Ob es sich um eine Bombe handelt, konnte die Polizei noch nicht sagen, die sich mit einem Grossaufgebot vor Ort befand. Die übrigen Teile des Bahnhofs waren von der Sperrung der Schalterhalle ab 14.15 Uhr nicht betroffen. Alle Züge verkehrten normal. Nach der Öffnung des Koffers wurde auch die Schalterhalle wieder freigegeben. Nur die Schliessfach-Halle blieb noch gesperrt.

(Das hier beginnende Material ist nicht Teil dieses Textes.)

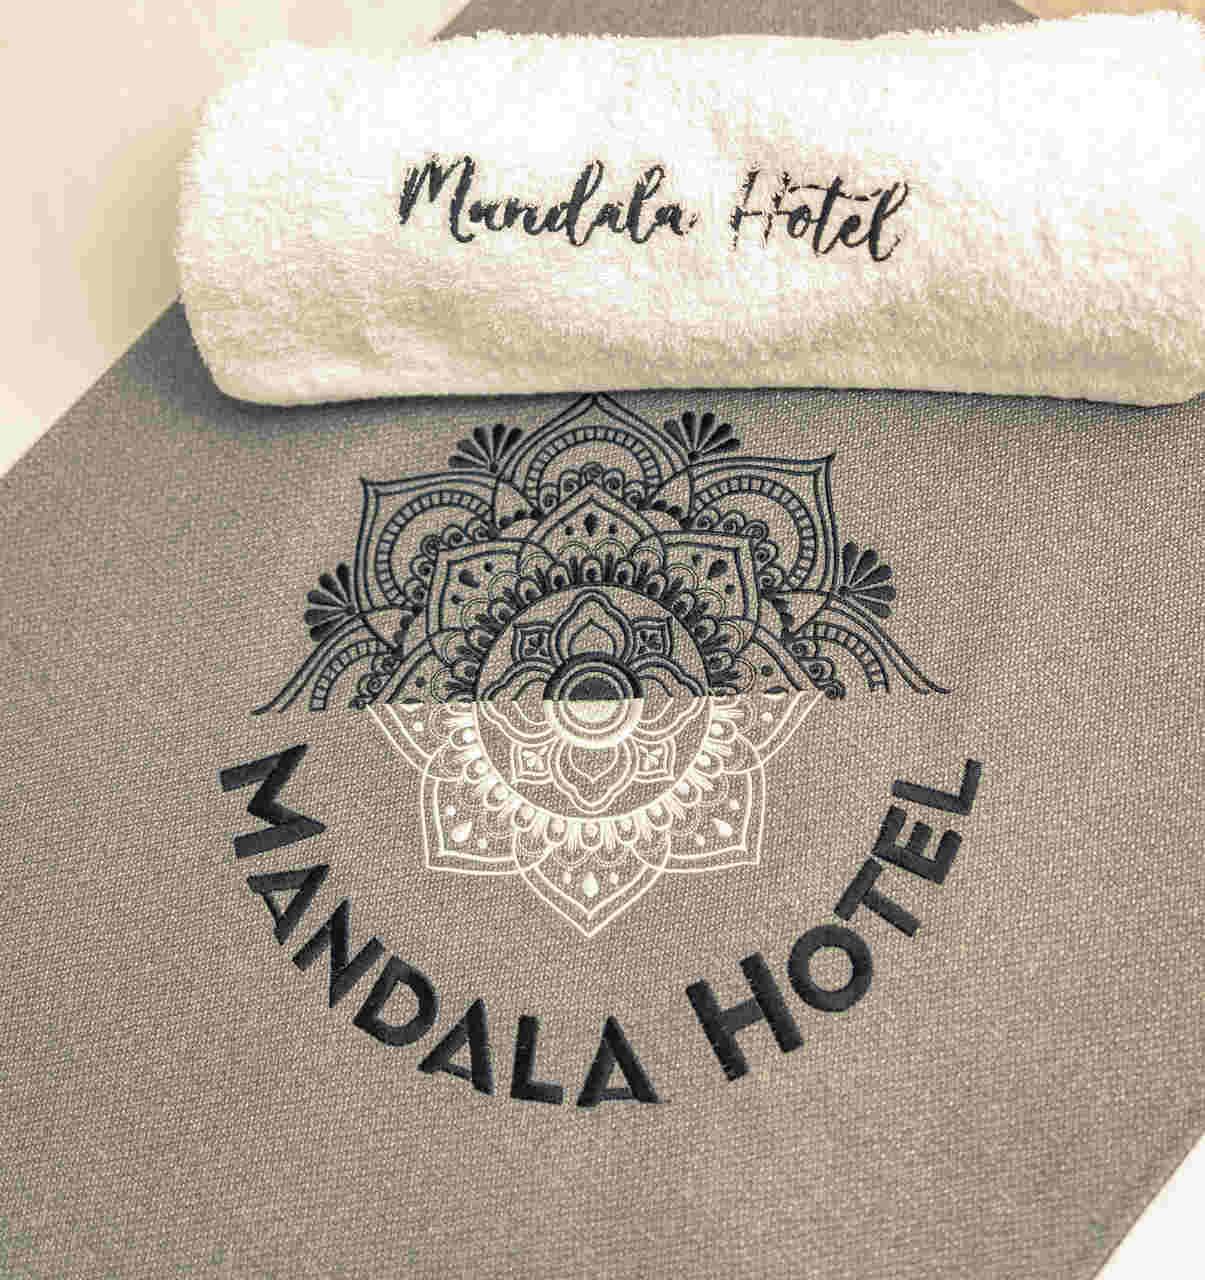 Hotel Mandala Belén en Comuna 16 - Belén : MotelNow

Die Nervosität in Basel scheint recht gross zu sein. Verständlich nach dem Amokschützen letzte Woche und den Terrorängsten, die uns die US-Medien einzureden versuchen. Die Auflösung der Geschichte wird wohl für ein Fasnachtssujet gut sein:

SBB-Schalterhalle in Basel nach Bombenalarm kurzfristig gesperrt

Pfadfinder übten sich in James Bond

Am Samstagnachmittag musste die Schalterhalle des SBB-Bahnhofs in Basel für rund zwei Stunden gesperrt werden. Grund war ein verdächtiger Gegenstand in einem Schliessfach. Touristen hatten die Bahnpolizei verständigt.

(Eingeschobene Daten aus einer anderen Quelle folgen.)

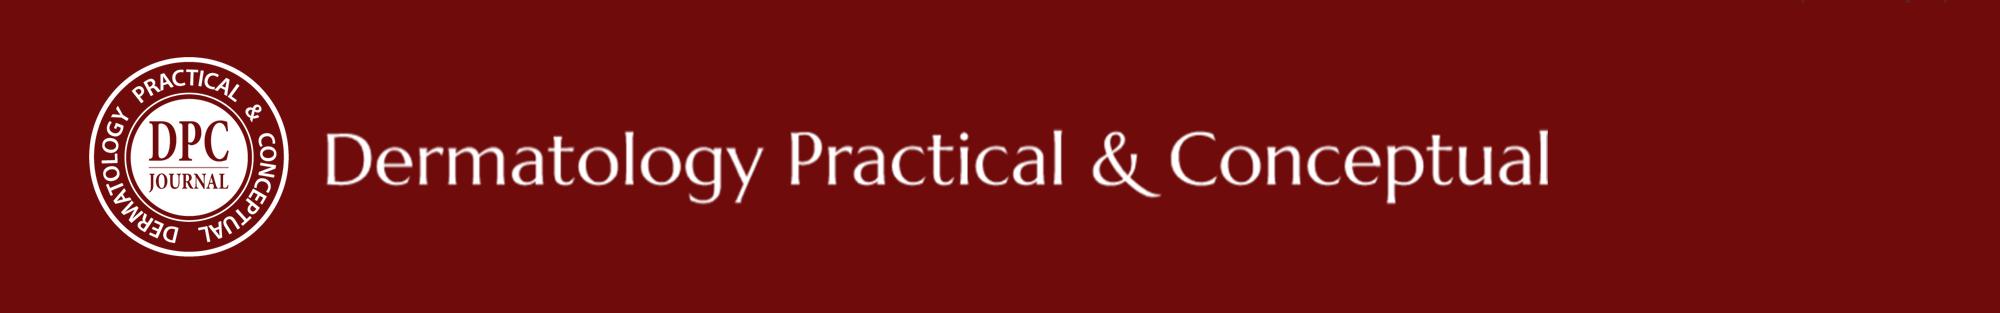 Dermatology Practical & Conceptual

(sda) Pfadfinder deponierten im Rahmen einer «James-Bond-Übung» einen verdächtigen Gegenstand in einem Schliessfach des Baslers SBB-Bahnhofs.

Touristen verständigten daraufhin die Bahnpolizei; sie hätten um 14 Uhr einen jungen Mann beobachtet, der einen verdächtigen Gegenstand in das Schliessfach sperrte, sagte Peter Gill, Mediensprecher der Kantonspolizei Basel, auf Anfrage. Die Polizei habe daraufhin die Schalterhalle und die umliegenden Geschäfte im Bahnhof evakuiert.

Im Laufe des späteren Nachmittages meldeten sich zwei Pfadiführer aus dem Kanton Aargau, eine 19-jährige Frau und ein 18-jähriger Mann, bei der Kantonspolizei. Sie hatten mit einer Gruppe Kinder eine «James-Bond-Übung» in Basel geplant und zu diesem Zweck einen Behälter präpariert. Diesen deponierten sie in einem Schliessfach des SBB-Bahnhofs.

Die Pfadfinderübung löste eine grössere Polizeiaktion aus, an der die Berufsfeuerwehr, die Sanität, das Kriminalkommissariat und die Kriminaltechnische Abteilung beteiligt waren. Um 16Uhr öffneten Sprengstoffexperten der Polizei den Behälter kontrolliert. «Wir mussten davon ausgehen, dass sich im Behälter etwas Gefährliches befinden könnte», sagte Gill.

Derzeit untersucht die Kriminaltechnik Basel noch den Behälter. Gill konnte zur dessen Beschaffenheit keine näheren Angaben machen. Die beiden Pfadiführer wurden am Samstagabend befragt.

Um 16 Uhr 15 wurden die evakuierte Schalterhalle und die Geschäfte wieder geöffnet. Der Zugverkehr war zu keiner Zeit beeinträchtigt gewesen. Die Passagiere konnten die Geleise über einen Umweg erreichen.